Eficazes como monoterapia ou em combinação.
Fórmulas de liberação imediata de diidropiridinas não são recomendadas para hipertensão crônica.
Benefícios: Mais eficazes em idosos e afro-americanos. Úteis em hipertensão sistólica isolada.
Clevidipino: Nova diidropiridina para uso intravenoso em hipertensão grave ou perioperatória.
Inibidores da Enzima Conversora de Angiotensina (IECA)
Mecanismo: Reduzem os níveis de Angiotensina II (AngII), inibindo sua formação.
Benefícios:
Eficazes na hipertensão e em pacientes com diabetes (reduzem progressão da glomeruloesclerose).
Benefícios em coronariopatia (após IM, melhora função ventricular).
Potencializam diuréticos (diminuem produção de aldosterona).
Efeitos Adversos:
Angioedema: Raro, mas grave.
Tosse seca: Comum.
Hiperpotassemia: Risco aumentado com diuréticos poupadores de K+, AINEs, suplementos de K+.

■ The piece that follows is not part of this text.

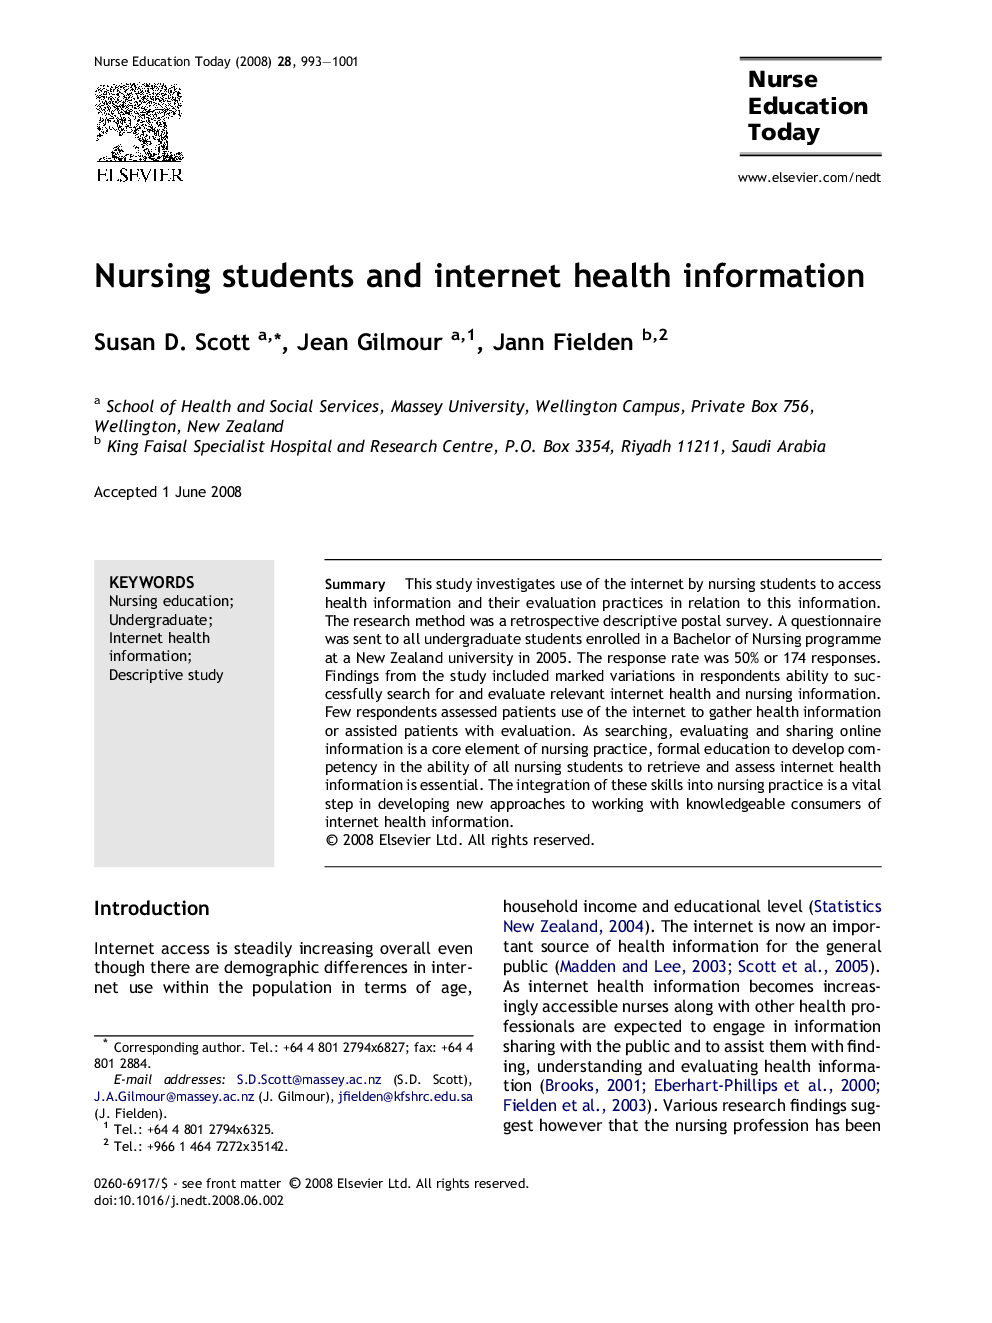 Nursing students and internet health information

Disfunção renal: Contraindicados na gravidez. Reduzem filtração glomerular em estenose bilateral da artéria renal.
Farmacocinética: Maioria aprovada para dose diária única.
Respostas: Caucasianos jovens e de meia-idade respondem melhor.
Antagonistas do Receptor AT1 (BRA) e Inibidores Diretos da Renina
Antagonistas do Receptor AT1 (BRA - Losartano, Candesartano, etc.):
Mecanismo: Bloqueiam os efeitos da AngII ao se ligarem ao receptor AT1.
Vantagens: Menos tosse e angioedema que IECA (não afetam bradicinina).
Efeitos Adversos: Semelhantes aos IECA (hipotensão, hiperpotassemia, disfunção renal). Contraindicados na gravidez.
Uso: Tão eficazes quanto IECA. Não recomendado combinar IECA e BRA para hipertensão.
Inibidores Diretos da Renina (Alisquireno):
Mecanismo: Inibe a capacidade da renina de produzir AngI.
Eficácia: Reduz a pressão arterial.
Uso: Agente complementar, sem evidência de benefício na prevenção de desfechos cardiovasculares em comparação com fármacos mais estabelecidos.
Efeitos Adversos: Diarreia, angioedema. Contraindicado na gravidez.
Vasodilatadores (na Hipertensão)
Hidralazina:
Mecanismo: Relaxa diretamente o músculo liso arteriolar.